At its core, ZCAP-LD is a Linked Data specification that defines a structured format for creating, signing, and verifying capability tokens. A capability is a JSON-LD object containing a unique identifier (id), the authorized action (invocationTarget), the cryptographic proof of authorization (proof), and the chain of allowed delegates (parentCapabilityId). The proof is typically a digital signature from the capability's issuer, making the token a self-contained, verifiable credential. This structure allows any service, or invocation target, to validate a request's authorization by checking the token's cryptographic proof and delegation chain without needing to query a central authority.

The protocol's power lies in its delegation model. The holder of a ZCAP-LD token can create a new, more restricted capability and delegate it to another party. This creates a verifiable chain of authority, where each link is cryptographically signed. For example, a user (root controller) could grant an application a capability to read their data, and that application could then delegate a time-limited, read-only sub-capability to an analytics service. The final service can validate the entire chain back to the original root controller to ensure the request is legitimate. This enables complex, decentralized workflows without centralized permission servers.

ZCAP-LD integrates with Decentralized Identifiers (DIDs) and Verifiable Credentials to establish cryptographic accountability. The controller of a capability is often a DID, linking the authorization directly to a decentralized identity. When a capability is invoked, the verifier checks the signature against the controller's public key, which is resolved from its DID document. This creates a secure, SSI (Self-Sovereign Identity)-native authorization system where permissions are bound to identities, not accounts. It is particularly suited for decentralized web (Web5) architectures, enabling user-centric control over data sharing and API access across different domains and services.

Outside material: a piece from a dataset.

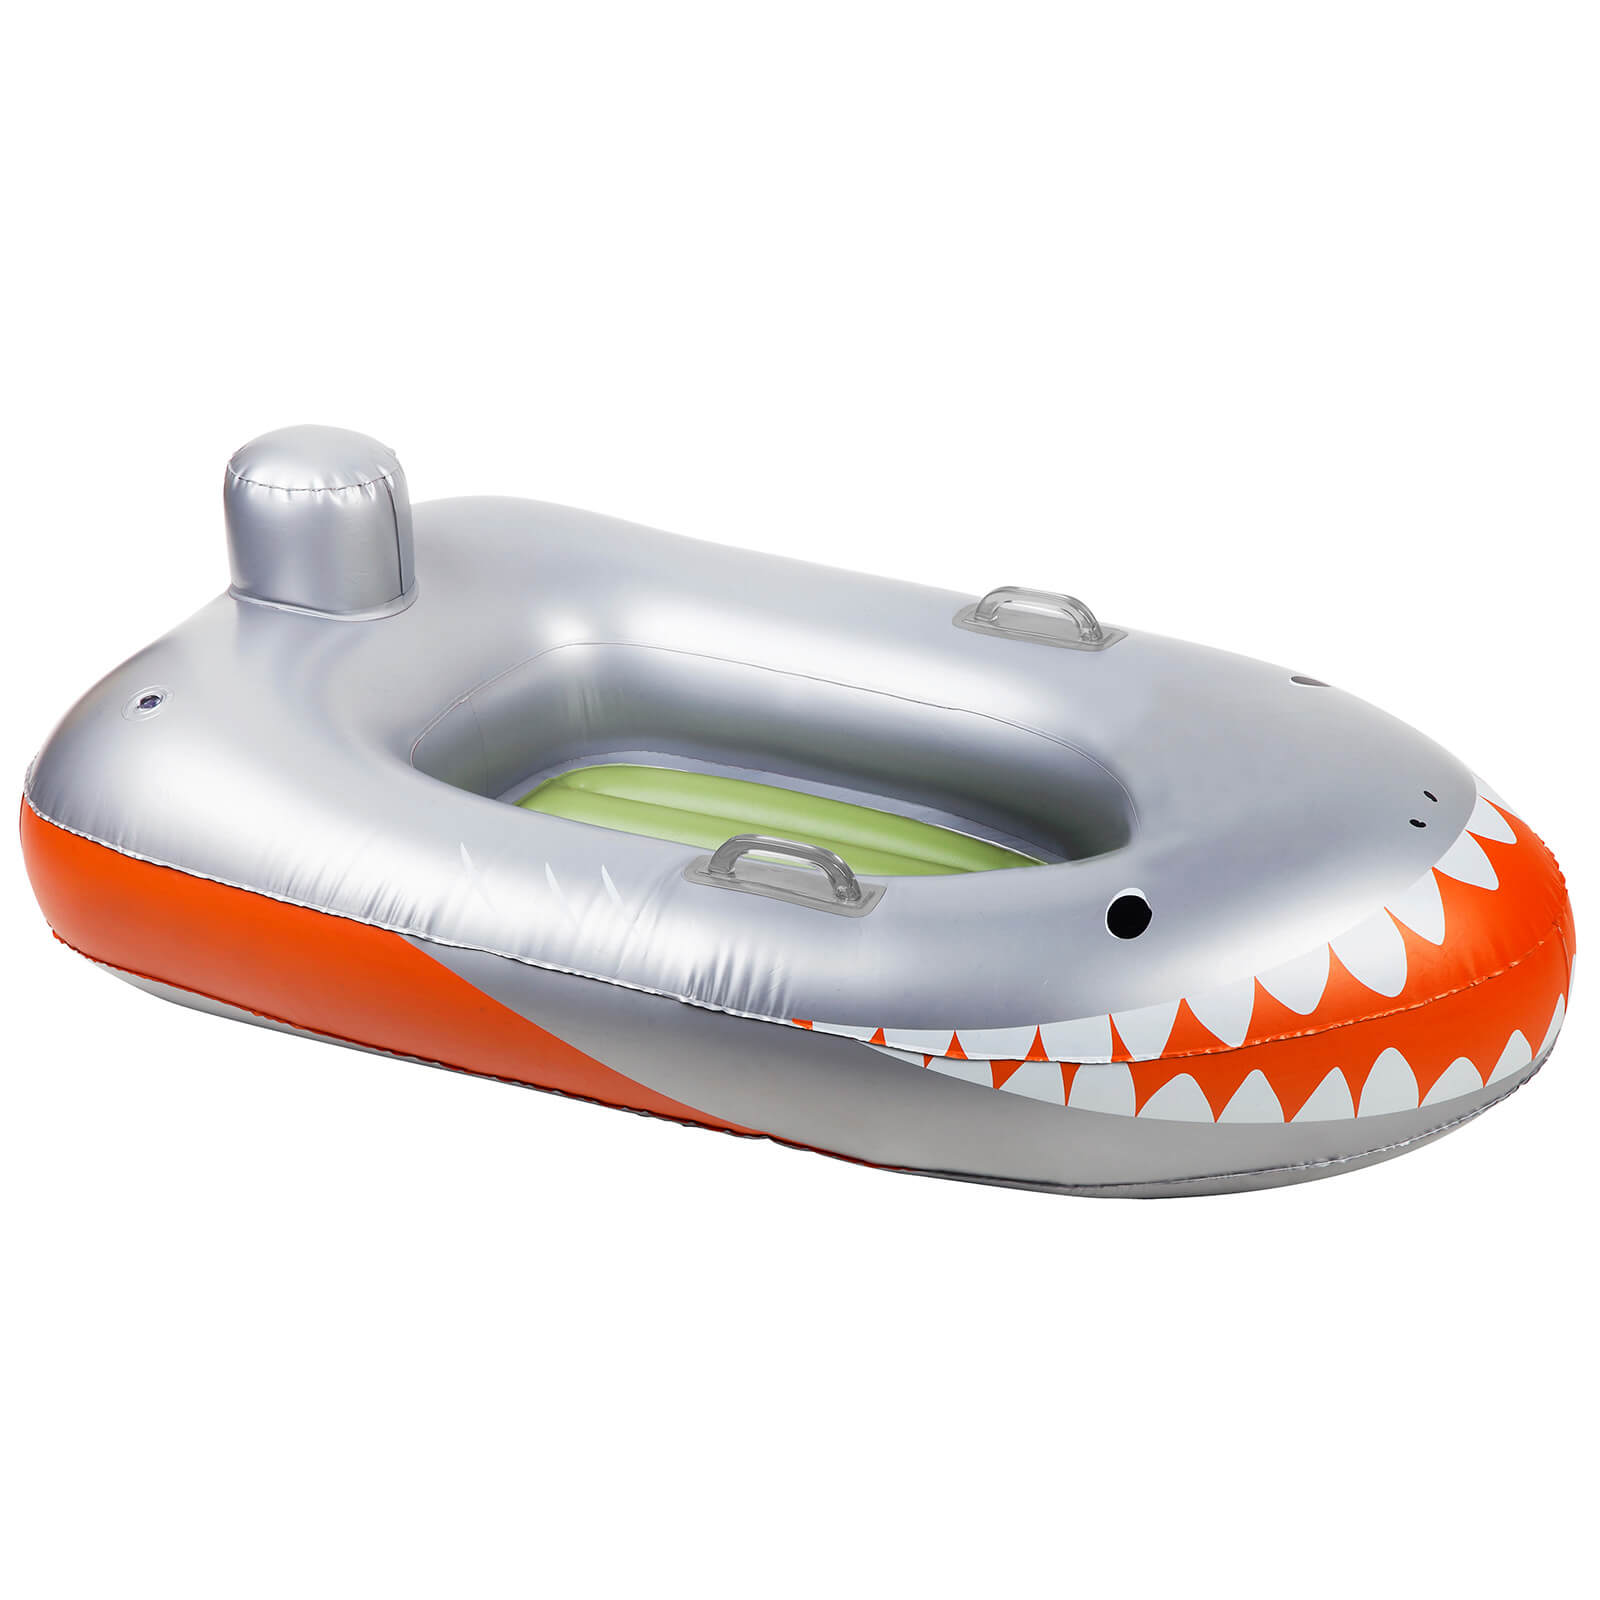 Sunnylife Speed Boat Inflatabale - Shark Attack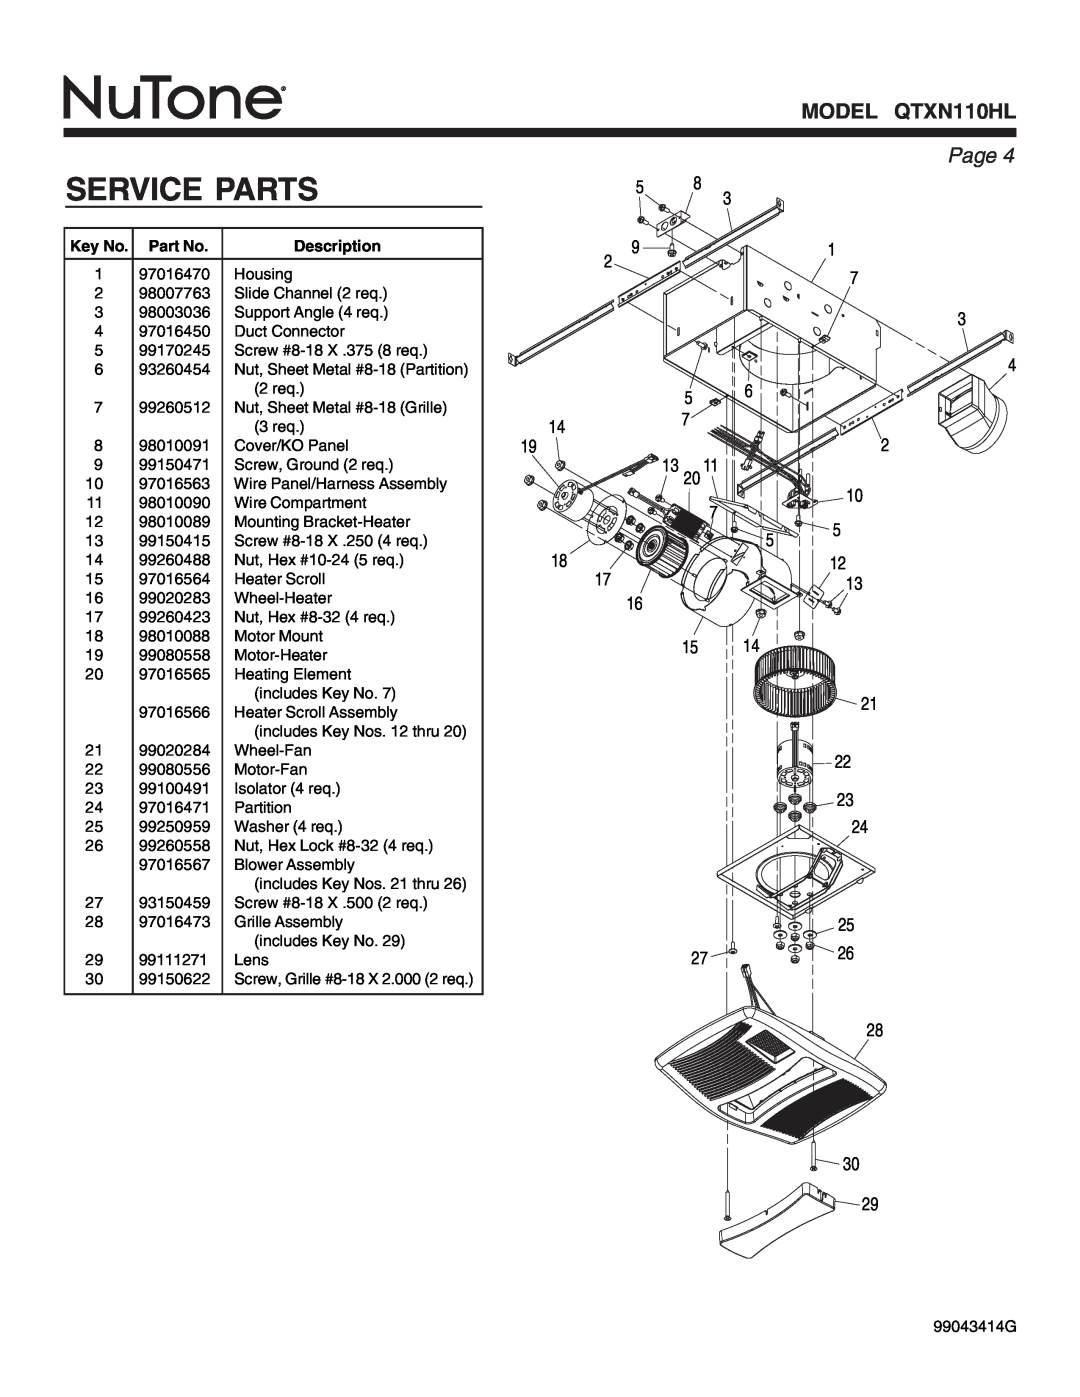 NuTone Service Parts, MODEL QTXN110HL, Page, 13 20 7 5, 2 10 5 12 13 21 22 23 24 25 26 28, Key No. Part No, Description

The ZCAP-LD flow begins with a root capability, a cryptographically signed Linked Data document that grants a specific authority—such as the right to update a decentralized identifier (DID) document or access a resource. This root capability is created by the controller, the entity with ultimate authority over the resource. The capability's invocationTarget specifies the resource (e.g., a URL), its proof contains the controller's digital signature, and its expires field sets a validity period, establishing a secure, machine-readable grant of authority.

A key power of ZCAP-LD is delegation, where a holder of a capability can create a new, derived capability for another party. The delegator signs the new capability, which includes a parentCapabilityId linking it back to the chain of authority. This creates a verifiable delegation chain without requiring the original controller's involvement for each new grant. Delegation can be constrained using properties like allowedAction to limit permissions or a different expires date, enabling fine-grained, decentralized access management.

To invoke the capability, the holder presents it along with an invocation proof—a signature created using a secret key associated with the capability's proof method—to the verifier (e.g., a server or smart agent). The verifier performs a multi-step check: it validates the invocation signature, verifies the chain of signatures back to a trusted root capability, and ensures the request's action matches the allowedAction and that the capability hasn't expired. This process authorizes the action without revealing user identities or relying on a central auth server.

The final stage is continuation, where the verifier, after successful invocation, may return a new capability for a subsequent related action. For example, after authorizing a payment, a server might issue a capability to check the payment's status. This creates a stateful, capability-driven session, allowing a series of authorized interactions to flow securely from one delegated right to the next, all auditable via the cryptographic chain.